5 values at the output of the comparison circuit

A reference signal is generated by the gauge 14 of the control volume, and the counting of the pulses from the control line 12 begins.

At the same time, the reference signal by the gauge 14 of the control volume, coming from the comparison circuit 22, turns on an electronic time relay 24, which, after the time it is tuned to, generates a signal for the end of the gauge by the gauge 14 of the gas control volume.

Averaged over the time for which the time relay is set up .24,

0 values of the volume measured by the meter 14, we obtain the value of the reproducible or measured gas flow.

When calibrating meters the volume of gas

5 measured by the meter 14, in the time for which the time relay 24 is set up, compares with the readings of the meter being used, and judging by the difference of these readings, its accuracy is judged

0

The duration of the completion of the transition process to the extent that the error caused by it can be neglected is not the same for different sizes of calibrated

5 and calibrated instruments.

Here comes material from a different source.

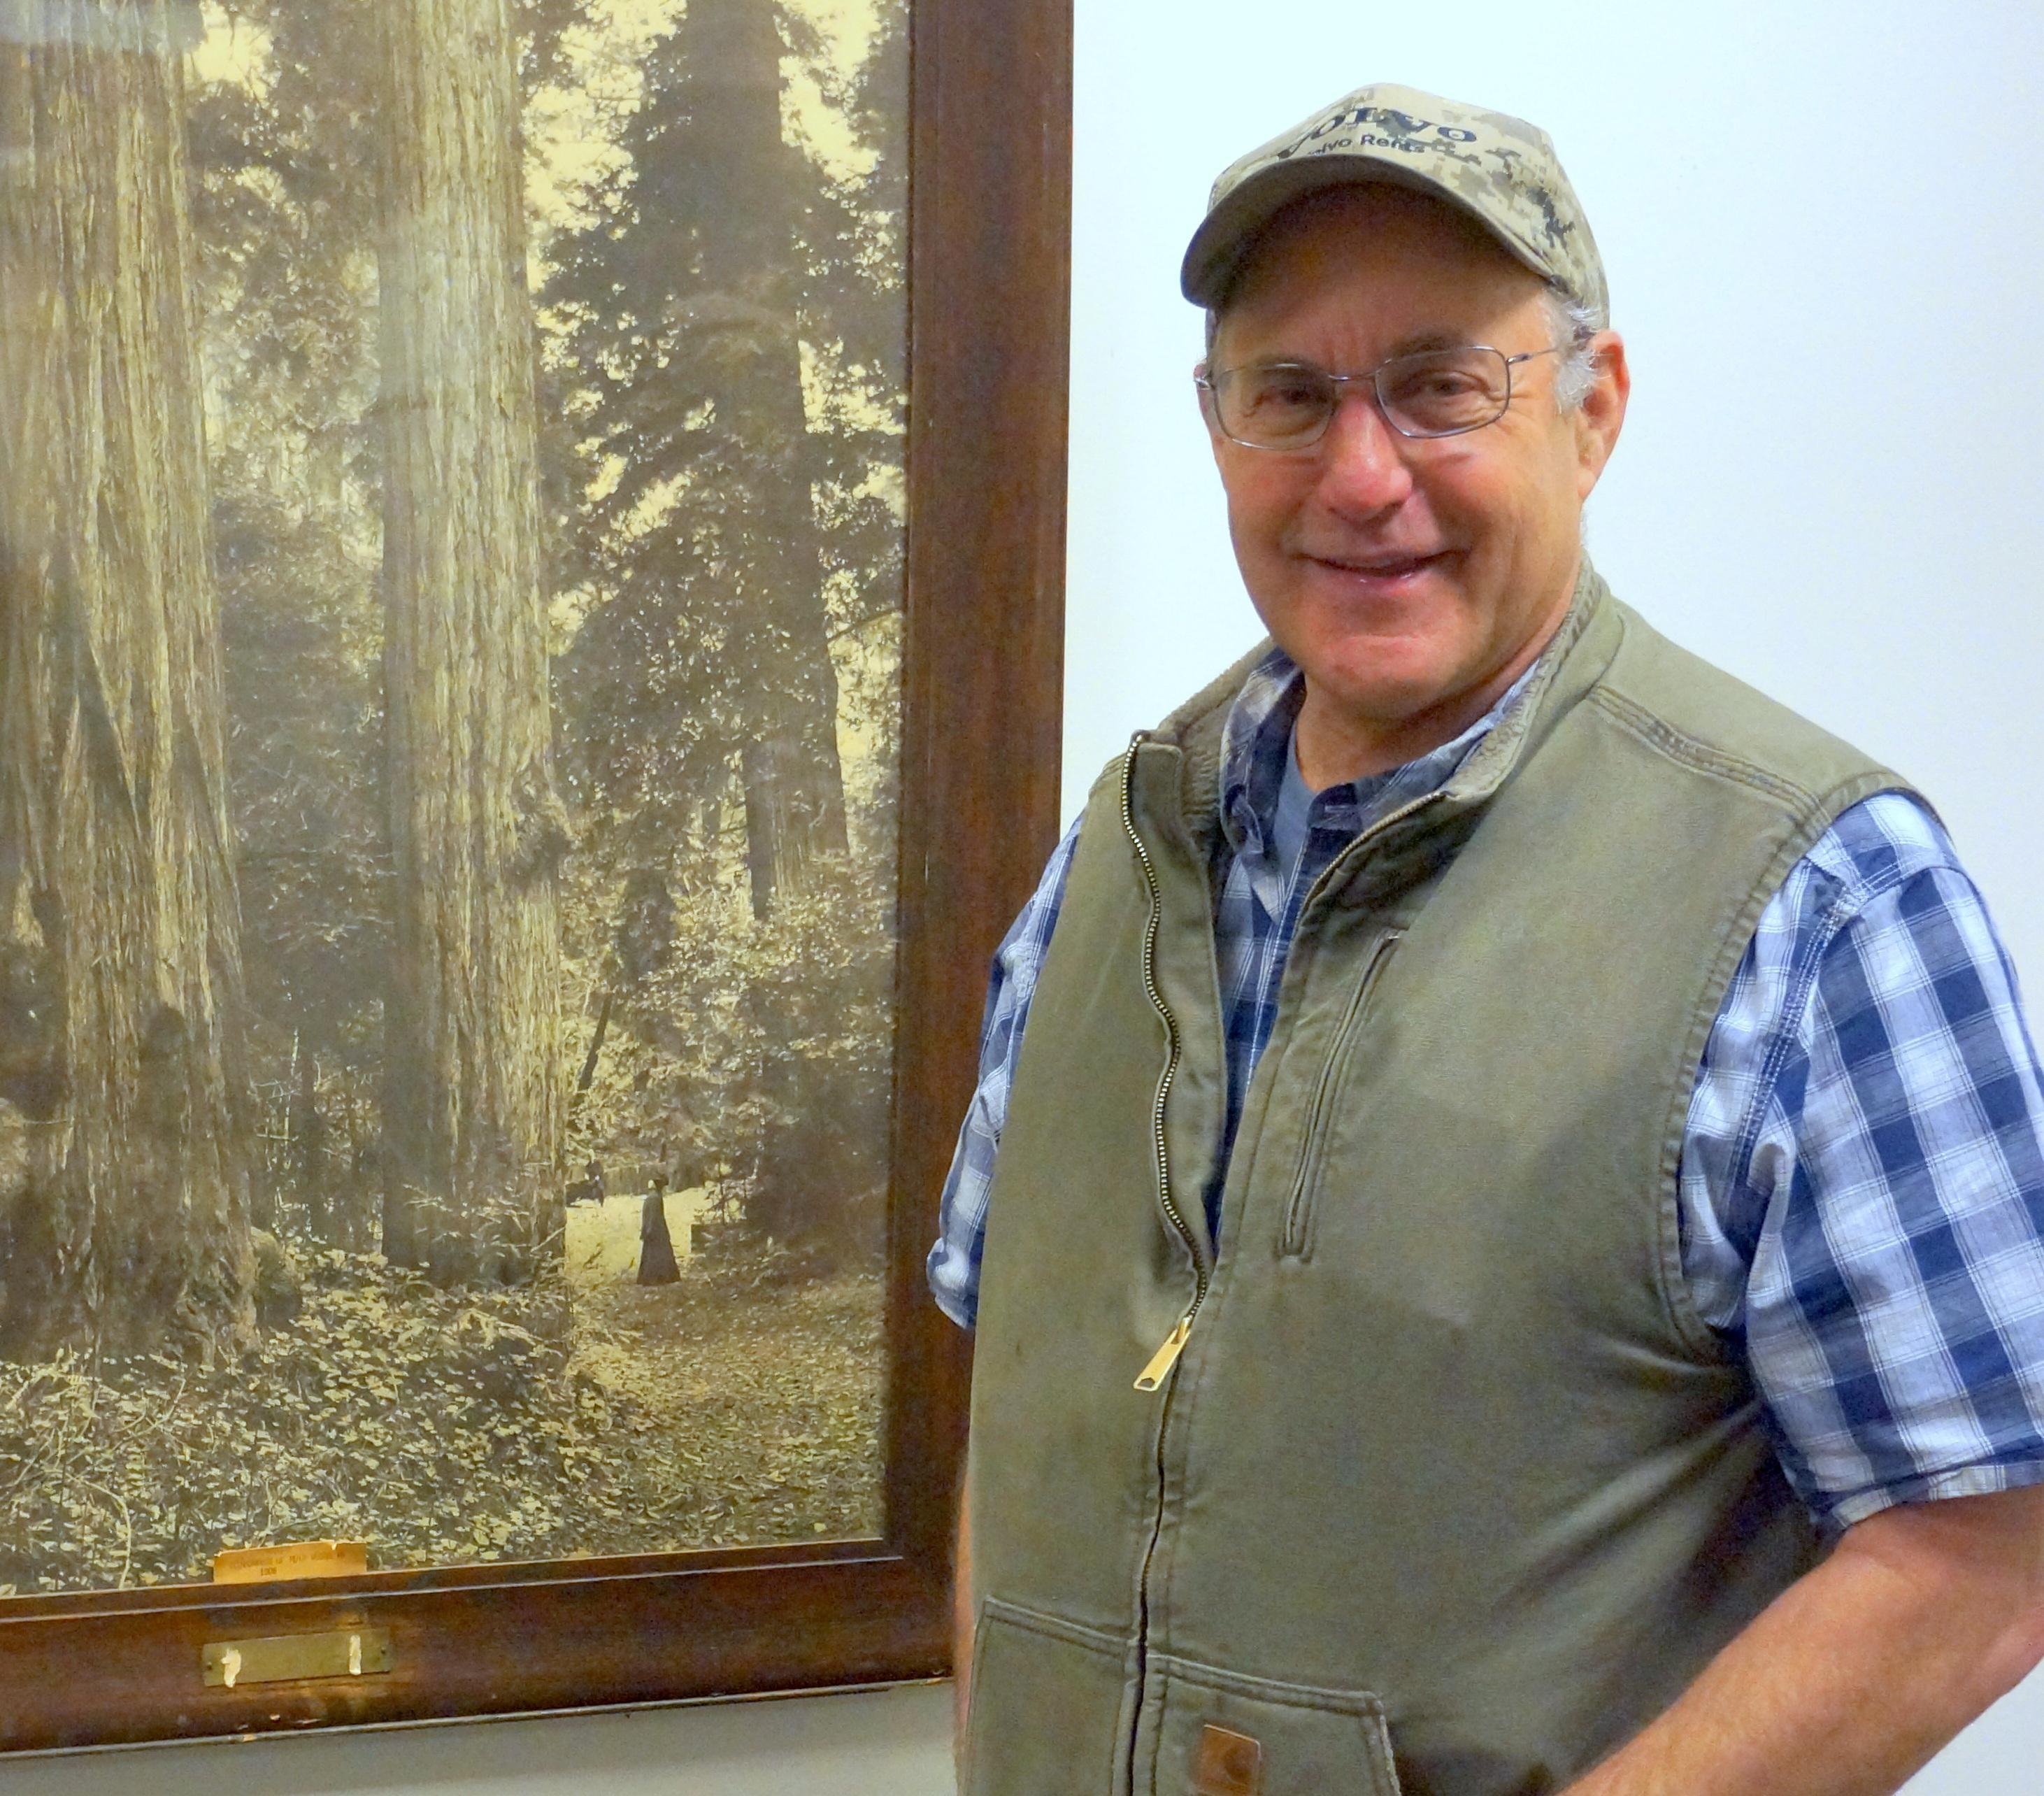 Steve Potts - May 7, 2014 Mill Valley Historical Society

Therefore, for each test cycle, the time of the beginning, the counting-a-control volume, occurs after unequal volumes of gas coming from the stake, depending on the initial amplitude of pressure oscillations under the bell and the degree of their attenuation.

To reduce the duration of the measuring cycle and increase the efficiency of the calibration and calibration

five

Claims (1)

Claim Bell-type discrete-dynamic installation for accurate reproduction and measurement of gas flow, ² containing a bell immersed in a reservoir with liquid, suspended on a compensation tape with a counterweight, a gas flow source, a piping system with locking elements, a control line with a illuminator and a photodetector, a distribution tool the volume of the bell with the shapers of the signals of the beginning and end of the reference volume of the control volume and an electronic 3 digital meter of the control volume, characterized in that, in order to increase t chnosti installation and extension of measurement range by optimum distribution bell volume due to the formation of signals 'floating *' 5 of the beginning and the end of the reference volume of the control volume, a low-inertia pressure transducer under the bell is introduced into it, the driver of the reference signal contains an electronic О key and differentiator, the inputs of which are connected to the output of the low-inertia pressure transducer under the bell, an inverter, a comparison circuit, and connected to one of the inputs 5 of the comparison circuit, the master, while the output of the differentiator through the inverter is connected to the control channel of the electronic key, and the output of the electronic key is connected to the second input of the comparison circuit, the output of which is connected to the control channel of the electronic digital meter of the control volume; in the form of an electronic time switch, - ⁵ electronic digital meter connected to the control channel, and the time relay is set to the minimum necessary and the same shutter speed for all reproducible expenses θ.